PropIt! by KLS Product Design, LLC Terms of Service
Effective Date: Date TBD
The following “Terms of Service” govern your use of the PropIt! web site (“Service”) made available by KLS Product Design, LLC (“Company”):
1. Limited License & Use of the Service
(1) You are granted a non-exclusive, non-transferable, limited license to access and use the Service.
(2) Company does not review or pre-screen the contents of electronic data uploaded or posted to the Service (“Content”) by Authorized Users (as defined below), and Company claims no intellectual property rights with respect to the Content.
(3) You agree not to reproduce, duplicate, copy, sell, resell or exploit access to the Service, use of the Service, or any portion of the Service, including, but not limited to the HTML code, tabular page features and formatting or any visual design elements without the express written permission from Company.
(4) You agree not to modify, reverse engineer, adapt or otherwise tamper with the Service or modify another website so as to falsely imply that it is associated with the Service, Company, or any other software or service provided by Company.
(5) You agree not to use the Service in any manner which may infringe copyright or intellectual property rights or in any manner which is unlawful, offensive, threatening, libelous, defamatory, pornographic, obscene or in violation of these Terms of Service.
(6) You agree not to use the Service to upload, post, host, or transmit unsolicited bulk e-mail “Spam”, short message service “SMS” messages, viruses, self-replicating computer programs “Worms” or any code of a destructive or malicious nature.

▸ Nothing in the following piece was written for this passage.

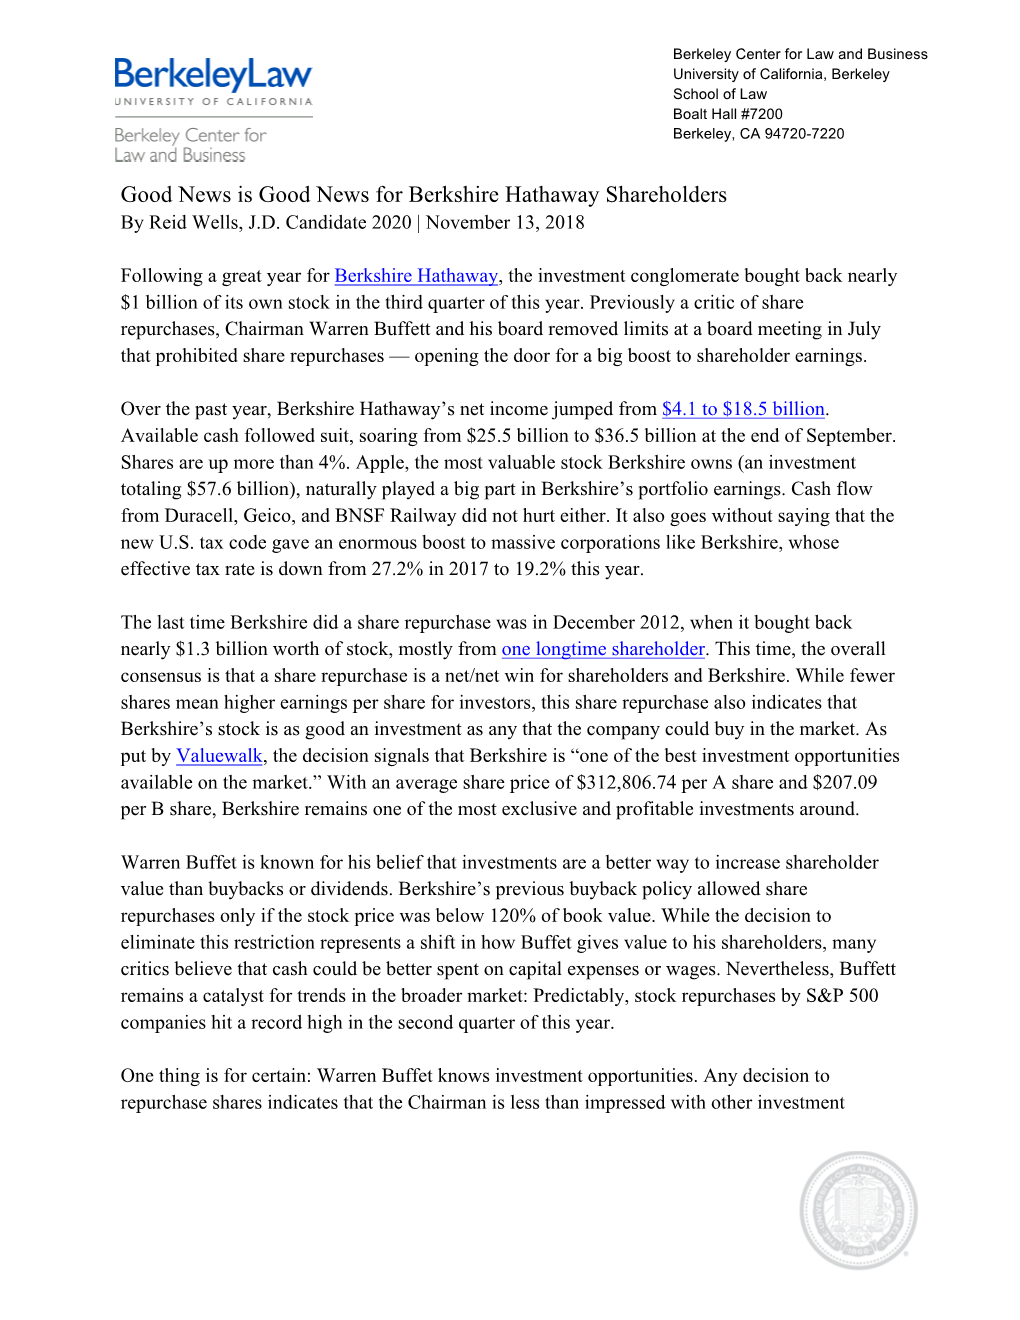 Good News Is Good News for Berkshire Hathaway Shareholders by Reid Wells, J.D

(7) The Service is protected by the copyright laws of the United States and international copyright laws and treaties, as well as other laws and treaties. Except for the non-exclusive license granted pursuant to this Agreement, you acknowledge and agree that all ownership, license, intellectual property and other rights and interests in and to the Service shall remain solely with Company.
(8) Authorized Users who configure the Service to share or make available certain Content to the public, are deemed to acknowledge and agree that everyone will have access to the Content (“Public Content”). Company reserves the right, at any time, in its sole discretion, to take any action deemed necessary with respect to Public Content that violates these Terms of Service, including, but not limited to, removal of such Public Content.
(9) Company reserves the right, at any time, if your bandwidth rate significantly exceeds the average bandwidth usage of other Authorized Users (as determined solely by Company), to throttle your bandwidth until you can reduce your bandwidth consumption or renegotiate your subscription rates commensurate with your bandwidth rates and overall file storage.
(10) Company reserves the right at any time, and from time to time, to modify or discontinue, temporarily or permanently, any feature associated with the Service, with or without notice. Continued use of the Service following any modification constitutes your acceptance of the modification.
(11) Company reserves the right to temporarily suspend access to the Service for operational purposes, including, but not limited to, maintenance, repairs or installation of upgrades, and will take reasonable measures to provide reasonable notice prior to any such suspension.
(12) Company stores all Content on redundant storage servers. Optionally, upon request by the Subscriber (as defined below), all Content associated with the subscription will be replicated at a regular interval, to an offsite storage server accessible only to a reputable data escrow agent (“Escrow Agent”). The replicated Content (“Escrowed Data”) will be held under the terms of a separate agreement among Company, the Subscriber, and the Escrow Agent (“Escrow Agreement”). The Escrow Agreement will provide that: a) the Escrowed Data will be encrypted with a private key accessible only to the Escrow Agent; b) each Subscriber may directly contact the Escrow Agent at any time to request a release of the Escrowed Data; and c) upon authentication of the Subscriber by the Escrow Agent, the Escrowed Data will be transmitted digitally, or copied to write-once media and delivered to the Subscriber by courier in an unencrypted format. Optionally, the Escrowed Data may also be copied to write-once media, (CD-ROM or DVD-ROM) on a monthly basis, and stored in a secure climate controlled location maintained by the Escrow Agent.
2. Access to the Service
(1) You are only permitted to access and use the Service if you are an Authorized User. “Authorized User” means an individual subscriber or the partners, members, employees, temporary employees, and contractors of an organization with a subscription to the Service (“Subscriber”). Authorized Users are required to provide their full legal name, a valid email address, and any other information requested by the Service.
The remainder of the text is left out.